Step 3: Compile, package, and upload

Upload the compiled and packaged KafkaProtobuf.jar file.

image

Note

The built-in Protobuf data format is supported only in Ververica Runtime (VVR) 8.0.9 and later. If you use an earlier version, you must add the flink-protobuf-1.17.2.jar dependency file.

Step 4: Read data using Flink SQL

  1. Sample SQL

    Add the protobuf.message-class-name parameter to specify the message class for the message body. For more information about protobuf parameters, see Protobuf Format.

    CREATE TEMPORARY TABLE KafkaSource (
      orderId INT,
      orderName STRING,
      orderPrice DOUBLE,
      orderDate BIGINT
    ) WITH (
      'connector' = 'kafka',
      'topic' = 'test',
      'properties.group.id' = 'my-group',  -- The ID of the consumer group.
      'properties.bootstrap.servers' = '<bootstrap_servers>', -- Enter the corresponding Kafka broker address.
      'format' = 'protobuf',              -- The data format used for the value part.
      'protobuf.message-class-name' = 'com.aliyun.Order',    -- Specify the message class that corresponds to the message body.                       
      'scan.startup.mode' = 'earliest-offset'  -- Read from the earliest partition of Kafka.
    );
    
    CREATE TEMPORARY TABLE KafkaSink (
      orderId INT,
      orderName STRING,
      orderPrice DOUBLE,
      orderDate BIGINT
    ) WITH (
        'connector' = 'print'
    );
    
    INSERT INTO KafkaSink
    SELECT * FROM KafkaSource
    ;
  2. Add file dependency references.

    image

  3. Debug the SQL.

    image

  4. View the output after the job is deployed and running.

    image

FAQ

  • After the upstream reads data and the downstream writes it to another Kafka topic, many CORRUPT_MESSAGE warnings appear in the logs.

    Cause: ApsaraMQ for Kafka topics that use local storage and are not created in a Professional Edition (High Write) instance do not support idempotent or transactional writes.

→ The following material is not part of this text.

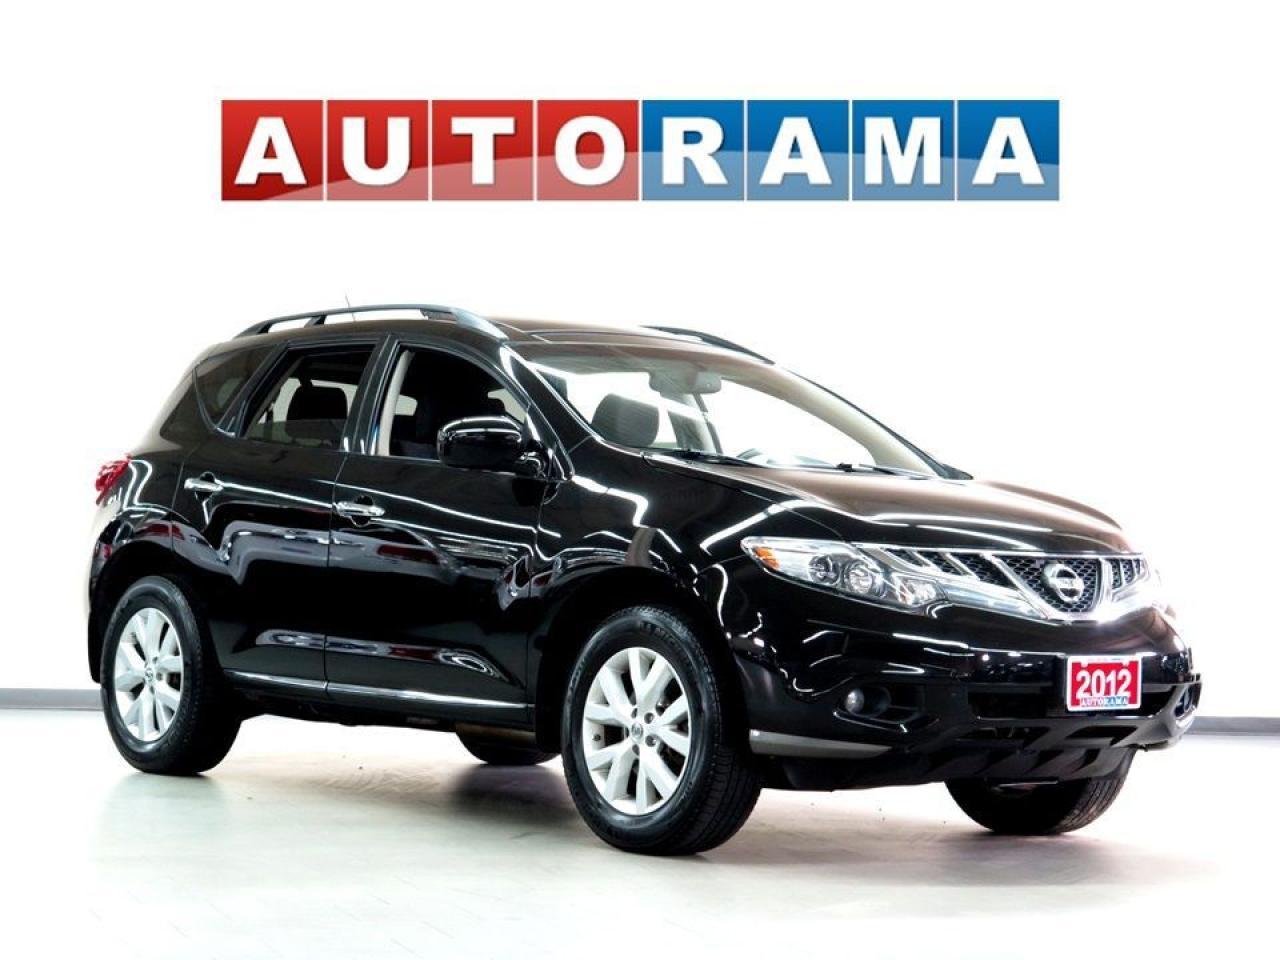 2012 Nissan Murano PANORAMIC SUNROOF AWD BACK UP CAMERA
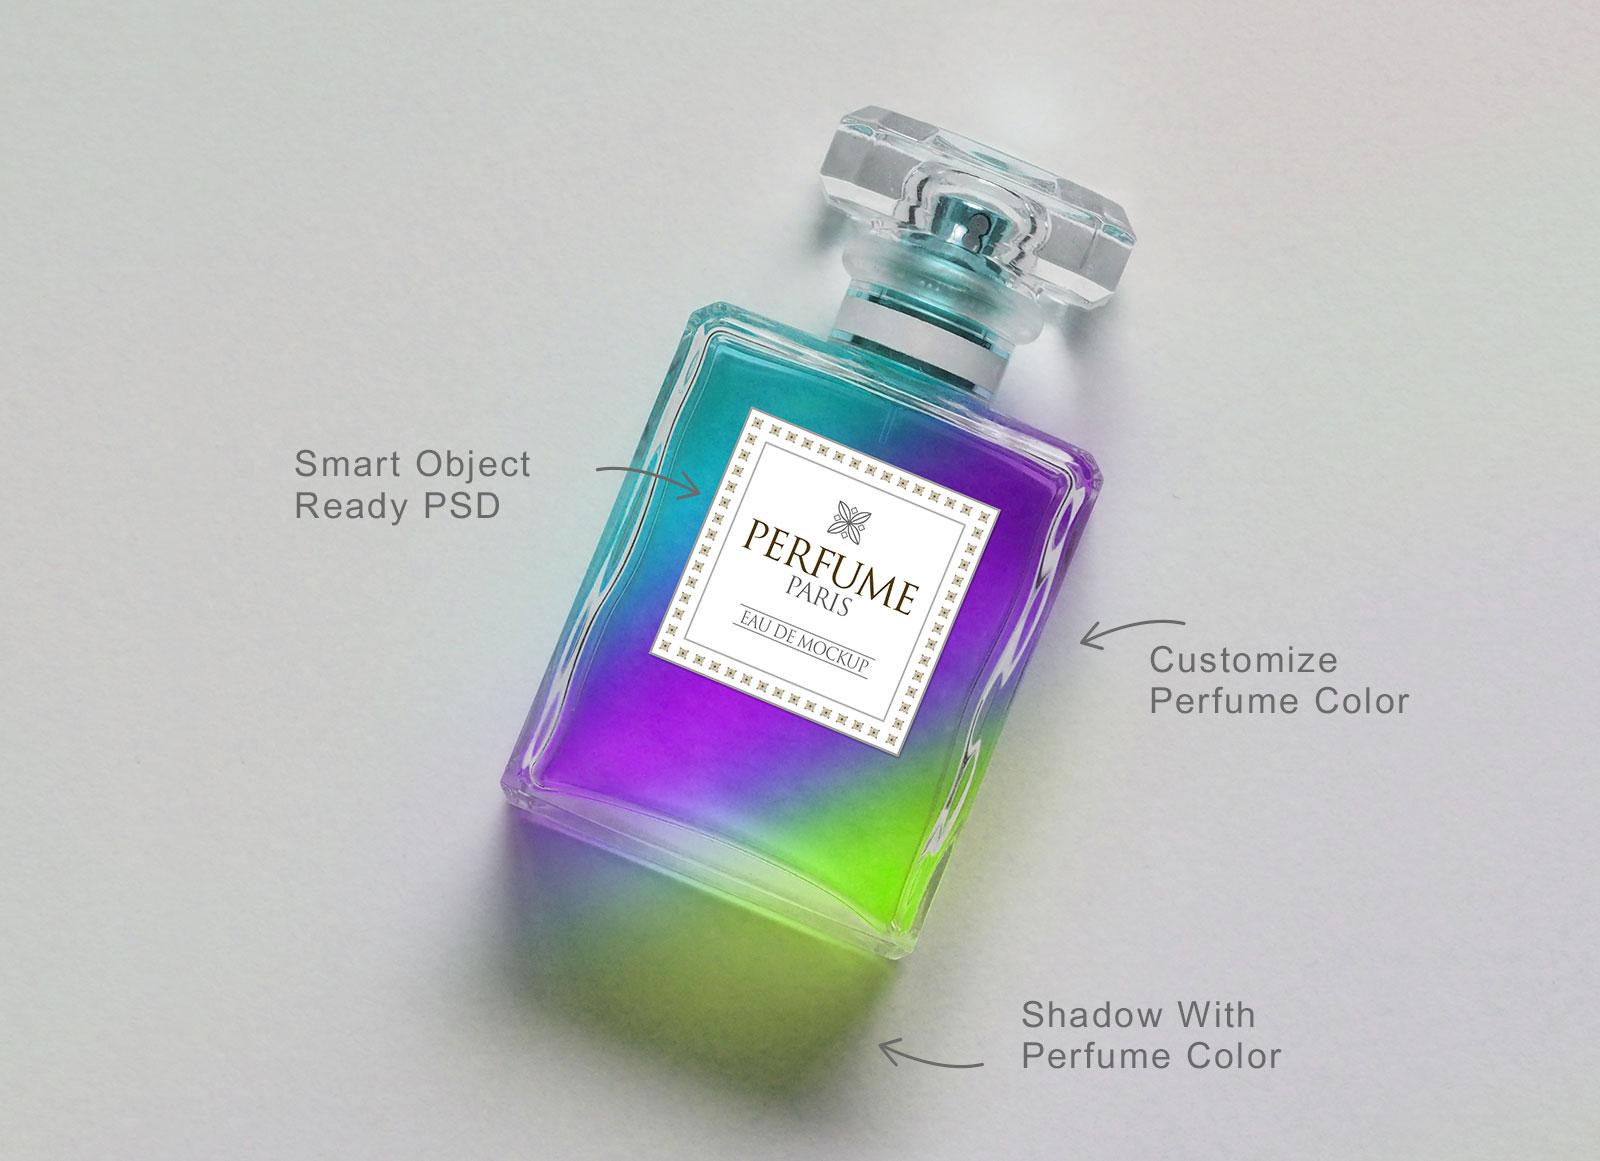 Free-Scent-Perfume-Body-Spray-Bottle-Mockup-PSD-File

Therefore, you cannot use the exactly-once semantics feature provided by the Kafka sink table.

    Solution: Add the configuration item properties.enable.idempotence=false to the sink table to disable the idempotent write feature.

  • The job runtime log contains a NoClassDefFoundError error.

    Cause: The version of the uploaded protobuf-java JAR package is inconsistent with the version used for Protocol Buffers compilation.

    Solution: Check that the versions of the attached dependency files are consistent, that no files are missing, and that the compilation and packaging are complete.

  • The job check reports the following error: Could not find any factory for identifier 'protobuf' that implements one of 'org.apache.flink.table.factories.EncodingFormatFactory.

    Cause: The built-in Protobuf data format is supported only in VVR 8.0.9 and later.

    Solution: Verify that you have added the flink-protobuf dependency.